**RAW DATA:**
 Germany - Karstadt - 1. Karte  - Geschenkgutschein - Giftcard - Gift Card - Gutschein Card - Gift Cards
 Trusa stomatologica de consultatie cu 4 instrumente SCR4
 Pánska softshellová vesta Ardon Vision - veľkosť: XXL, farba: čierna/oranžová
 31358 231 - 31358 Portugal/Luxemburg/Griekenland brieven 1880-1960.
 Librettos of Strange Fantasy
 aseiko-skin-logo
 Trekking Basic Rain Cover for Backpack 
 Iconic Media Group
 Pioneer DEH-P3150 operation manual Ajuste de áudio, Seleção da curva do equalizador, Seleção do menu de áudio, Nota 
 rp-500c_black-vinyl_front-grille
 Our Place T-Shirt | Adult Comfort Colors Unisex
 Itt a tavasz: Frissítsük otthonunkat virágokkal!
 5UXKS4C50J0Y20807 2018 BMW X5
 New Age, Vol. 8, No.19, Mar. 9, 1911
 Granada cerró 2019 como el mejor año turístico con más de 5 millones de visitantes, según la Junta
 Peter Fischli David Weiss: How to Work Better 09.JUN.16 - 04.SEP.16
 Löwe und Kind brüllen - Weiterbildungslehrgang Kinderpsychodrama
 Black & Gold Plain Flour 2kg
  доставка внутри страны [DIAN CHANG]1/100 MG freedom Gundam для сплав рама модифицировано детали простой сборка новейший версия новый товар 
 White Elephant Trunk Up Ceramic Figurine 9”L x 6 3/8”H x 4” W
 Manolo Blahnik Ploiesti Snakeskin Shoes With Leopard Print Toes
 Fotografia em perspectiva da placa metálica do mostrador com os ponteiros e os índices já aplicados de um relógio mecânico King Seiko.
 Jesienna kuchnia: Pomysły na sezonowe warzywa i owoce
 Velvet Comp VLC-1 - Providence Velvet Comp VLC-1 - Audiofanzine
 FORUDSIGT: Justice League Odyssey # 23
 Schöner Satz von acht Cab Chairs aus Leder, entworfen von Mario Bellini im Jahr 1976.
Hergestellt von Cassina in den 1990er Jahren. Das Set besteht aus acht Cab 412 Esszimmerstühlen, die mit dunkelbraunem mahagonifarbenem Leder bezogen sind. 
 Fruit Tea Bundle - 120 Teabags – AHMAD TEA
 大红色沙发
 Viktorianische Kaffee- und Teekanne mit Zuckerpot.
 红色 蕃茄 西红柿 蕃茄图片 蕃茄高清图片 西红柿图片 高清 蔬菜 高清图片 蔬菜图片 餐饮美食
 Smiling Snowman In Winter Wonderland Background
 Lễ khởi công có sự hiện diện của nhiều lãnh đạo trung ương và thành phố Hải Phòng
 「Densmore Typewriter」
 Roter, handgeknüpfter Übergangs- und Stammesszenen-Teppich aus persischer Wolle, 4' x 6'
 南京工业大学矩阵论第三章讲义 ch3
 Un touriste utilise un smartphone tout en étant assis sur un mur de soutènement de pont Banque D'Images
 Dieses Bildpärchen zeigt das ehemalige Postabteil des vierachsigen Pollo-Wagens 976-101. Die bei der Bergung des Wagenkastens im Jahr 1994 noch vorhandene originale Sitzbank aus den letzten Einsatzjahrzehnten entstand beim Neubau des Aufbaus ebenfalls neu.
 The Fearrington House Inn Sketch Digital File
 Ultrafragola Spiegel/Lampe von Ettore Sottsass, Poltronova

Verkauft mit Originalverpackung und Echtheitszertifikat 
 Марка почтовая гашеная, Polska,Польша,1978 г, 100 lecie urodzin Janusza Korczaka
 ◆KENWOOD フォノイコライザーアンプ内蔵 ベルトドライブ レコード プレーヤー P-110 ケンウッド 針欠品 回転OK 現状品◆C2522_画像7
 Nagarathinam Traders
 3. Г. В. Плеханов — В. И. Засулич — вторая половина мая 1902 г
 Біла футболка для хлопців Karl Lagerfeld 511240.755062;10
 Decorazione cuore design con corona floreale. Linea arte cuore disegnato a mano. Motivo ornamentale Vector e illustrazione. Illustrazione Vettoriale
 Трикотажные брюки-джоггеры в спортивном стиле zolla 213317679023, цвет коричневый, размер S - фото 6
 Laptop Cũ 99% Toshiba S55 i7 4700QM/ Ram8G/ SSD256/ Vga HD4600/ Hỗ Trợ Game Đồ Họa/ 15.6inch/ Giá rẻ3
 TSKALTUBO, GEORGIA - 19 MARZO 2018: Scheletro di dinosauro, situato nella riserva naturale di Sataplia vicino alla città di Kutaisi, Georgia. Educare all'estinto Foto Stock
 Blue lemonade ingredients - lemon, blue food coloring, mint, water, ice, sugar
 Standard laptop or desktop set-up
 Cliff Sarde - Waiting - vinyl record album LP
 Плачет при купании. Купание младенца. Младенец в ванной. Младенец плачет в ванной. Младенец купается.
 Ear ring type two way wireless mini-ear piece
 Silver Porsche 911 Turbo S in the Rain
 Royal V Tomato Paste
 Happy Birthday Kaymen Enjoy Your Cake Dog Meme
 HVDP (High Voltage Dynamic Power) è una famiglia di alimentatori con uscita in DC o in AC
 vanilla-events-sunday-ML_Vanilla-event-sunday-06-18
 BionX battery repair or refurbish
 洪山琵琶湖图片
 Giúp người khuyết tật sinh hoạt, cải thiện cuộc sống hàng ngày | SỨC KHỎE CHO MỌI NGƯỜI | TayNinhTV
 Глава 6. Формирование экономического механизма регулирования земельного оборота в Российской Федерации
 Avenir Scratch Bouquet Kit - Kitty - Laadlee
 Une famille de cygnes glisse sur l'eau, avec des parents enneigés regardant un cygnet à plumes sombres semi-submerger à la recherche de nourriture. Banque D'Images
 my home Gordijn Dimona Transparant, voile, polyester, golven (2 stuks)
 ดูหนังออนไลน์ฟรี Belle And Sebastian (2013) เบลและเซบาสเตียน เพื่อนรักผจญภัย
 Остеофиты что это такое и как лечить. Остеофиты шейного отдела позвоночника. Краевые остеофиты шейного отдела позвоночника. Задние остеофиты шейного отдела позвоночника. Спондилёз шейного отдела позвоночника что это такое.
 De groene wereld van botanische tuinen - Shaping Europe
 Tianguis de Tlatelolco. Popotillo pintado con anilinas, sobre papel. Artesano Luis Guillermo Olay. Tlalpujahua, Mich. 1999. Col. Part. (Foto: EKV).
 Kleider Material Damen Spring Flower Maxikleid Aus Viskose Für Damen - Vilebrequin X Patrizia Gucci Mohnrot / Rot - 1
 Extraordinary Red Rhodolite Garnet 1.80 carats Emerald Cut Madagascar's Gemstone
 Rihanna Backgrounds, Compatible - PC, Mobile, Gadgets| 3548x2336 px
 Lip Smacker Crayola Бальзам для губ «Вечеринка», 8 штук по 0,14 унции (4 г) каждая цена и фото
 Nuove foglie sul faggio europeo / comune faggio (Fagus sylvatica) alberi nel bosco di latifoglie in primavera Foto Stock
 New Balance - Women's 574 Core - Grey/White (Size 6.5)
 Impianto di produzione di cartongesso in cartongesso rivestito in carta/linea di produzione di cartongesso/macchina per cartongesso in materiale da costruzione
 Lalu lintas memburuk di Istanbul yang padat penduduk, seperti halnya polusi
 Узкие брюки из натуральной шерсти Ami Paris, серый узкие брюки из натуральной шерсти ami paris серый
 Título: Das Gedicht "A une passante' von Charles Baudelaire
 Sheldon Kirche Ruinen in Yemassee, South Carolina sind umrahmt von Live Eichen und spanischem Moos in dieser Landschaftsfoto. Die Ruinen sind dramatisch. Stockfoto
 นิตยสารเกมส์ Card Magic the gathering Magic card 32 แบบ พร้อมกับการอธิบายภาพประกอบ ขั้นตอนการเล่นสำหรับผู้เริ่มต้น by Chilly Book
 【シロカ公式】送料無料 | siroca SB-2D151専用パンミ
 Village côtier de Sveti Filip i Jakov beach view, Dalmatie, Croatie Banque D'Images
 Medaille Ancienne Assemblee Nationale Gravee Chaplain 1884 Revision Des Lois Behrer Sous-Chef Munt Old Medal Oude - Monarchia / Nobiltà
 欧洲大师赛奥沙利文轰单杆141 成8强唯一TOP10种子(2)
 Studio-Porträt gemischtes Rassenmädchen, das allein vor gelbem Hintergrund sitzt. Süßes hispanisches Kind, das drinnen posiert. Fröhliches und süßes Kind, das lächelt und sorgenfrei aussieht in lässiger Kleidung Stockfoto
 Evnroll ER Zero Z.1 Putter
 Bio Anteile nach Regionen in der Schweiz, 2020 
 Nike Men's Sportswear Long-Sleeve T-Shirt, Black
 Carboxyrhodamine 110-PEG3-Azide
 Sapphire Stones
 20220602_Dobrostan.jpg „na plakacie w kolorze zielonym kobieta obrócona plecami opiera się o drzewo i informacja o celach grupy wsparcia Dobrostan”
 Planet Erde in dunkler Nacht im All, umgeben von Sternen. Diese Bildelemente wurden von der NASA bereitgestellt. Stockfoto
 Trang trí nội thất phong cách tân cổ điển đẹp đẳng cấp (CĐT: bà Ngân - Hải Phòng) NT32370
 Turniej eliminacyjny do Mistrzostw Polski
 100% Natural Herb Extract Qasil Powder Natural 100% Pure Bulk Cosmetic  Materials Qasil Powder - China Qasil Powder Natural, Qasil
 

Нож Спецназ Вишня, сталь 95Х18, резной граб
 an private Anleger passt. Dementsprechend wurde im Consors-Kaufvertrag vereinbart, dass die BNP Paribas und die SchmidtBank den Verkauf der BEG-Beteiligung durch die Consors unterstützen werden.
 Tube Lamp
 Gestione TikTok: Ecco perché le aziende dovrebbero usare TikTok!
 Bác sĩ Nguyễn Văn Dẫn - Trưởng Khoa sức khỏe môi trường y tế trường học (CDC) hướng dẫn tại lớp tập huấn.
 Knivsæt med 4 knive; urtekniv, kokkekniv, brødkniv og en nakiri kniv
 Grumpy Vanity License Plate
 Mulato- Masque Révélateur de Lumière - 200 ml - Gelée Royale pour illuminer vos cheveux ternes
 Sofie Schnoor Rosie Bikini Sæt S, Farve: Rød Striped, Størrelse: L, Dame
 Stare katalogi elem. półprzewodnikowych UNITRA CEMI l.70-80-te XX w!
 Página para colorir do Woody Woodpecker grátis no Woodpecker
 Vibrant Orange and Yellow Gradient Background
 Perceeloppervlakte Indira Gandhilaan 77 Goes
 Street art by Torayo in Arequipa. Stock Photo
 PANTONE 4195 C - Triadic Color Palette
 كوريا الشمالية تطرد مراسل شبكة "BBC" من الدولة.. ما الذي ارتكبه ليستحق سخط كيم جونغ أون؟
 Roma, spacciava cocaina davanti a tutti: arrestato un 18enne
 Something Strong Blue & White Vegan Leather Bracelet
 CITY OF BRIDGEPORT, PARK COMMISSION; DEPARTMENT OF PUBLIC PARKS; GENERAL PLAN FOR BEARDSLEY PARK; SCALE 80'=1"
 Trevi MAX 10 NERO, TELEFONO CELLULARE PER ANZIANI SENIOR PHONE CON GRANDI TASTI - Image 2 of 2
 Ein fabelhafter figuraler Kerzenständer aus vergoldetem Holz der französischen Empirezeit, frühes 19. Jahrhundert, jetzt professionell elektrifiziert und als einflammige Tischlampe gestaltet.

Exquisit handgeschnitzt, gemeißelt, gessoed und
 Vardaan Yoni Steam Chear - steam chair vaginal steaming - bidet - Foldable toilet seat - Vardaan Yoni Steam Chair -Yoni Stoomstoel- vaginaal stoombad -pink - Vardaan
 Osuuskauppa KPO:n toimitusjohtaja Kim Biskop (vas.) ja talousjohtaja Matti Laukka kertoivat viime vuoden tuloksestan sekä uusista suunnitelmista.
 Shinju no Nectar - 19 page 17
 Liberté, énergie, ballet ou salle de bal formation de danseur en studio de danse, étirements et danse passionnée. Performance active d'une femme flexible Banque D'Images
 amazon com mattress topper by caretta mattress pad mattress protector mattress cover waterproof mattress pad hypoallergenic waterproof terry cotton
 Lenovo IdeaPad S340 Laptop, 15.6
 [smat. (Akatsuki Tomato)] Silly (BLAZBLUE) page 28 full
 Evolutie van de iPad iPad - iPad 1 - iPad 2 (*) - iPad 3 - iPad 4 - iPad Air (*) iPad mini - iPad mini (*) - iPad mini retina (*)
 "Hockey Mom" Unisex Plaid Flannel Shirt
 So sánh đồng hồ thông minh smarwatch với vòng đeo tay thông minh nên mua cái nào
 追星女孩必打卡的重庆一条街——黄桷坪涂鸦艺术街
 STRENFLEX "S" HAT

**ASSIGNMENT:** Of all the entries above, repeat only the lines from the line that has "31358 231 - 31358" to the line that has "Itt a tavasz: Frissítsük", both lines included, exactly.

**EXERCISE OUTPUT:**
 31358 231 - 31358 Portugal/Luxemburg/Griekenland brieven 1880-1960.
 Librettos of Strange Fantasy
 aseiko-skin-logo
 Trekking Basic Rain Cover for Backpack 
 Iconic Media Group
 Pioneer DEH-P3150 operation manual Ajuste de áudio, Seleção da curva do equalizador, Seleção do menu de áudio, Nota 
 rp-500c_black-vinyl_front-grille
 Our Place T-Shirt | Adult Comfort Colors Unisex
 Itt a tavasz: Frissítsük otthonunkat virágokkal!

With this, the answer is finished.